> [Problem to solve]
Only the lines from the one with "Kiko Black Flatform Sandals - BAGATT" through the final line below belong in the answer, copied exactly and without pictures.

BEGIN Exercise data

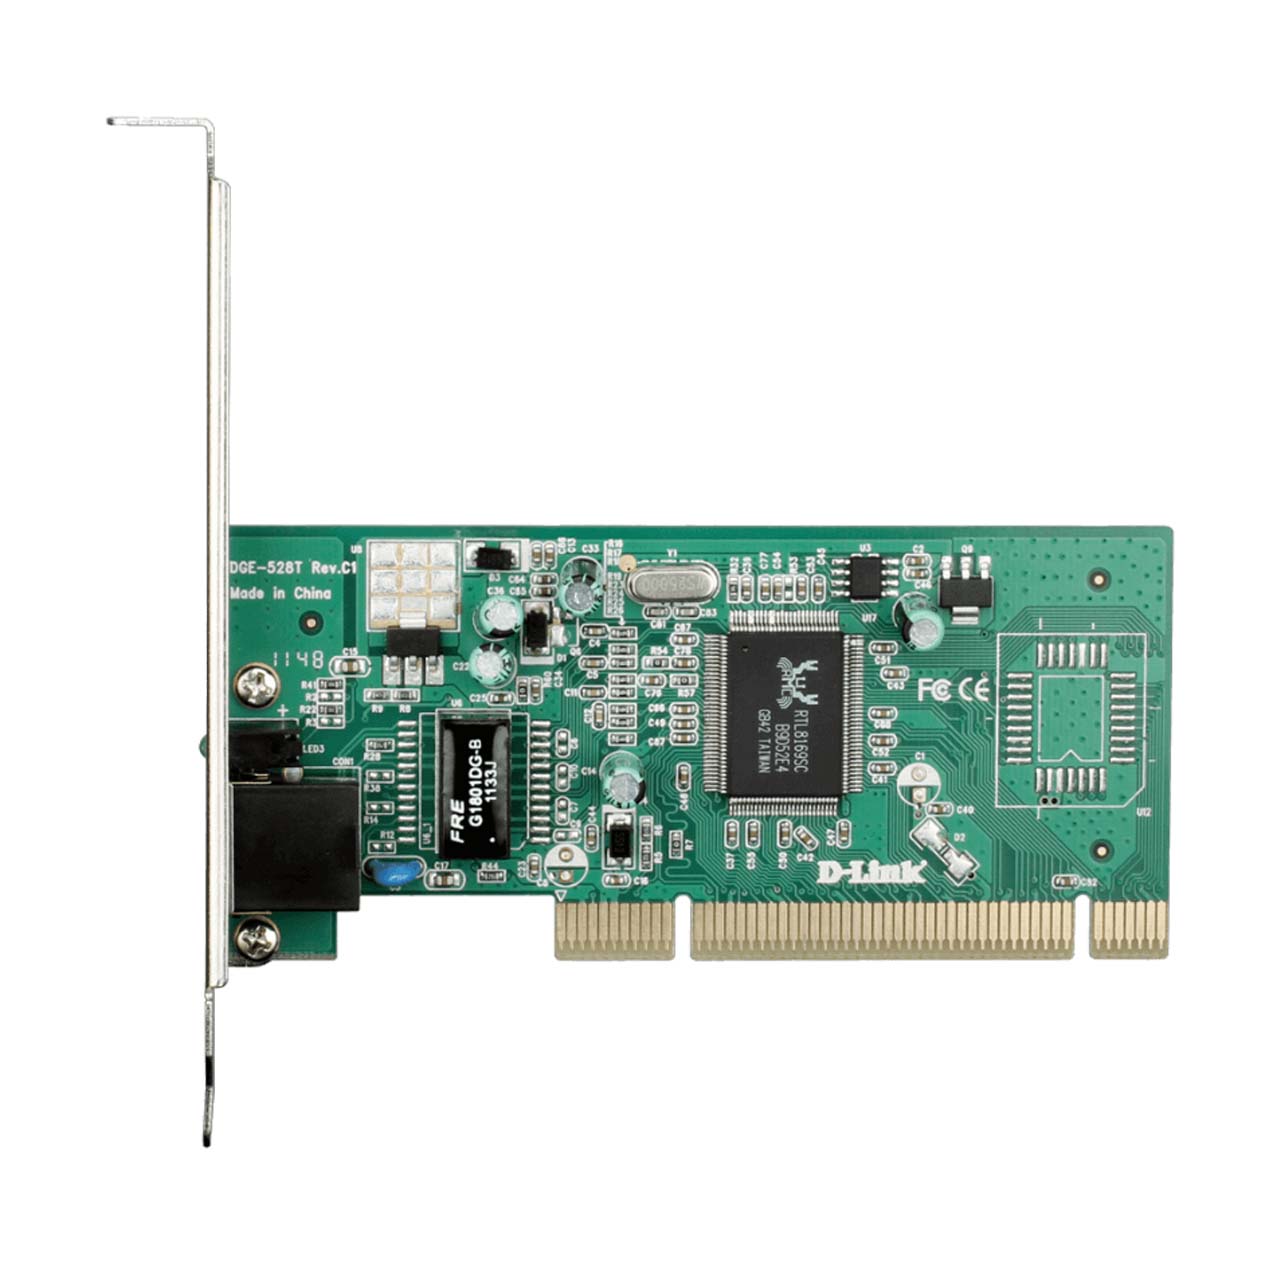 کارت شبکه گیگابیتی برند DLINK مدل DGE-528T 

D-Link DGE-528T Copper Gigabit PCI Card for PC
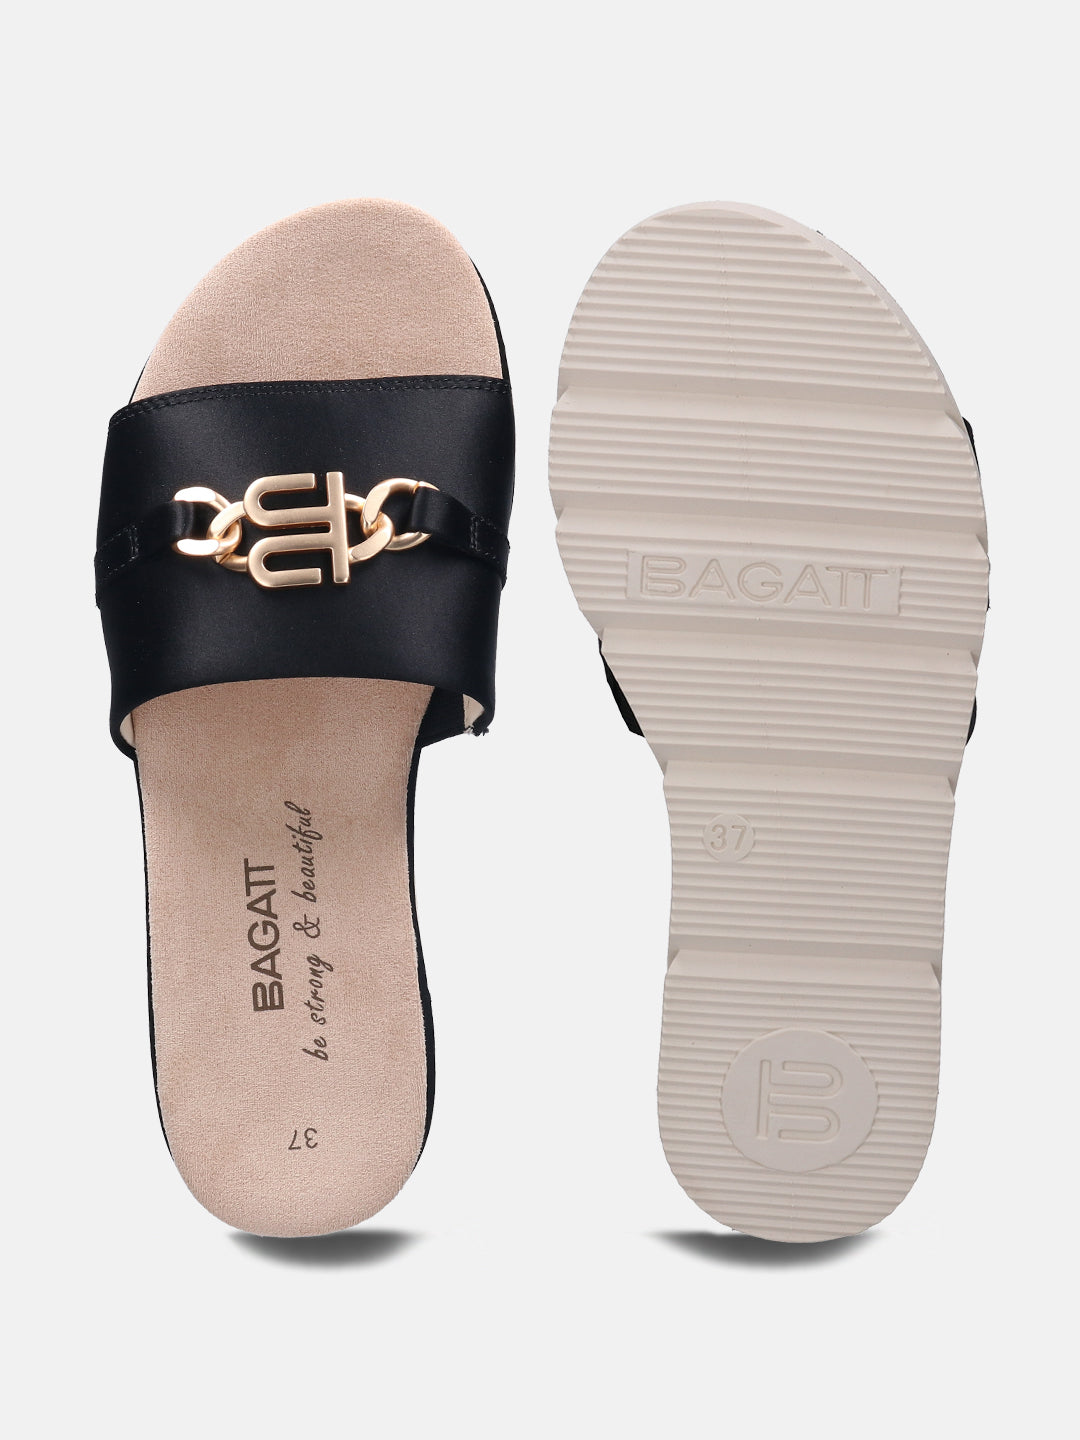 Kiko Black Flatform Sandals - BAGATT
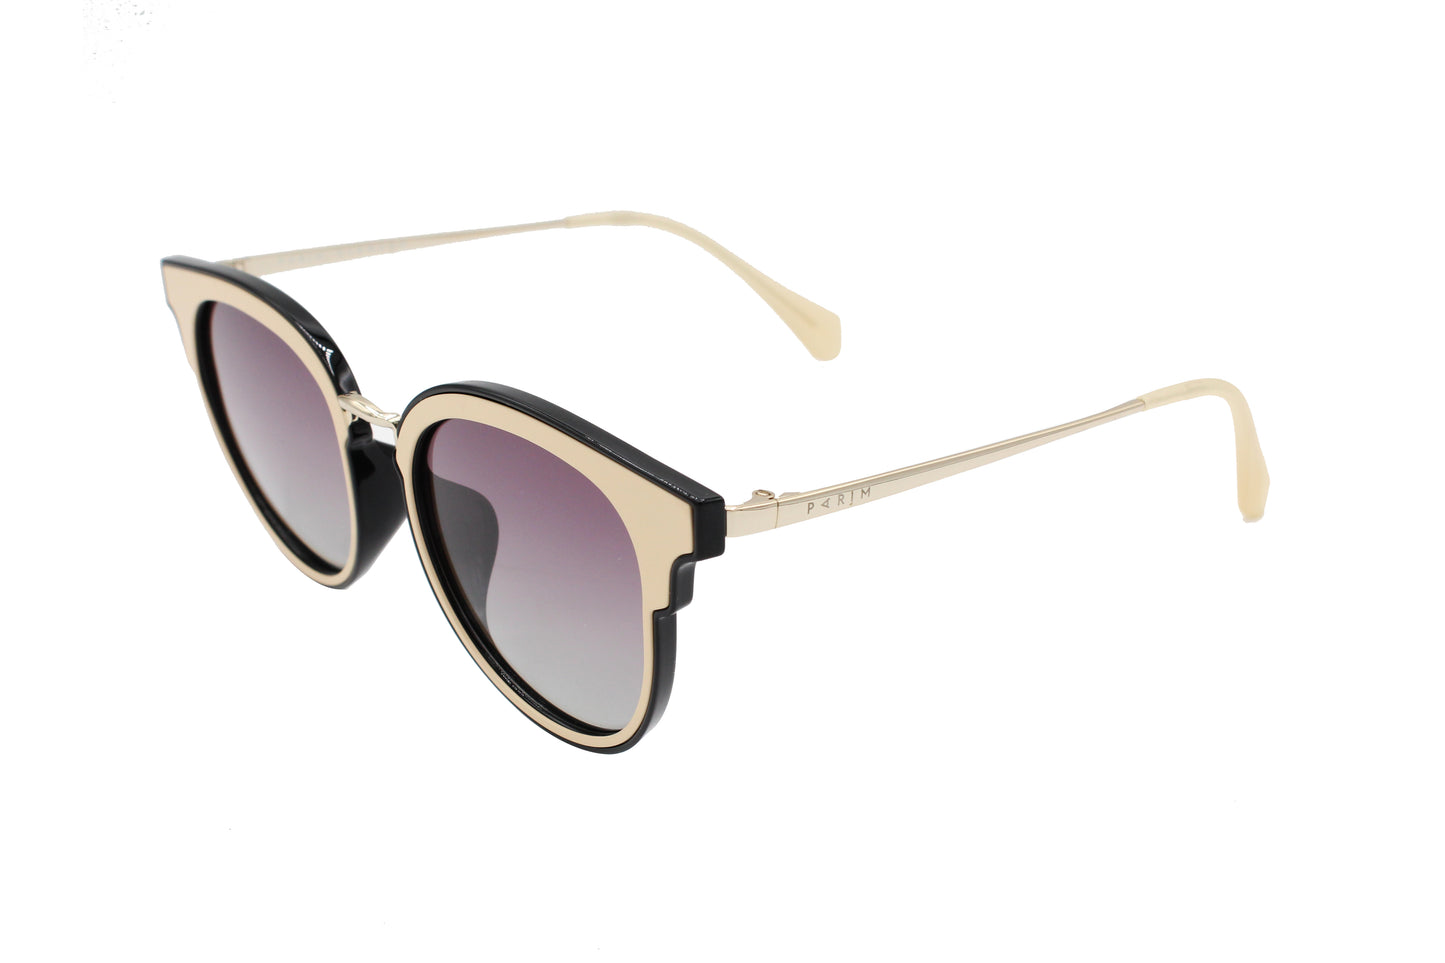 NS Deluxe - 73404 - Cream - Sunglasses
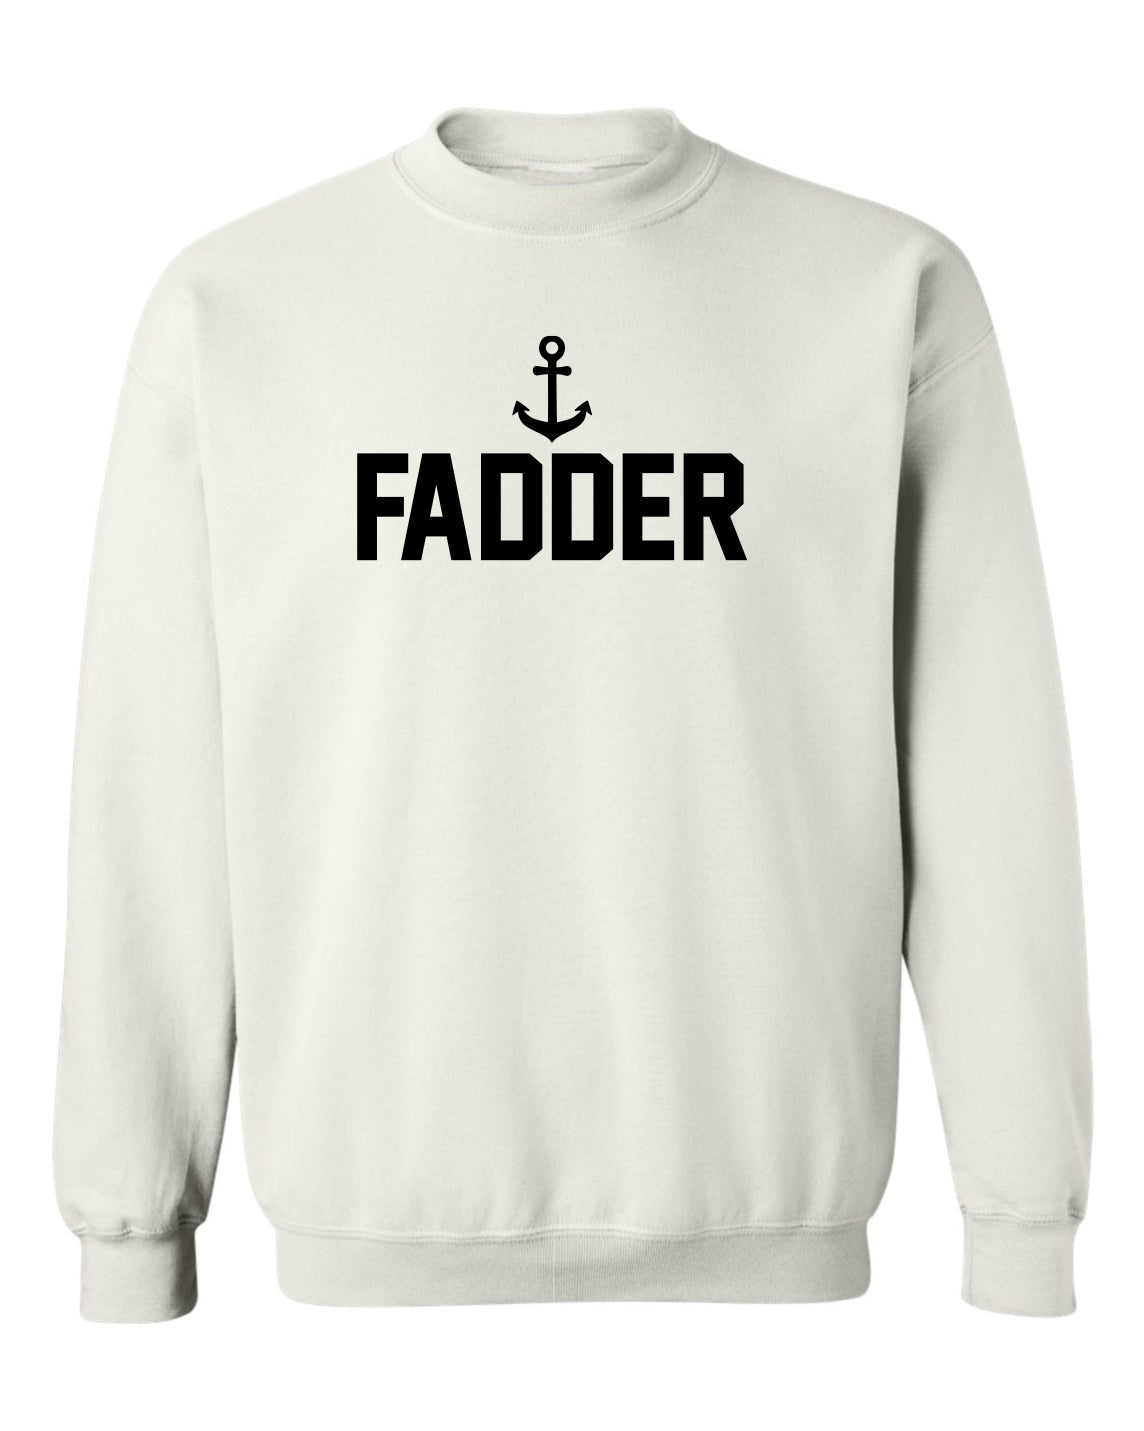 "Fadder" Unisex Crewneck Sweatshirt

END Exercise data

> [Problem solution]
 Kiko Black Flatform Sandals - BAGATT
 NS Deluxe - 73404 - Cream - Sunglasses
 "Fadder" Unisex Crewneck Sweatshirt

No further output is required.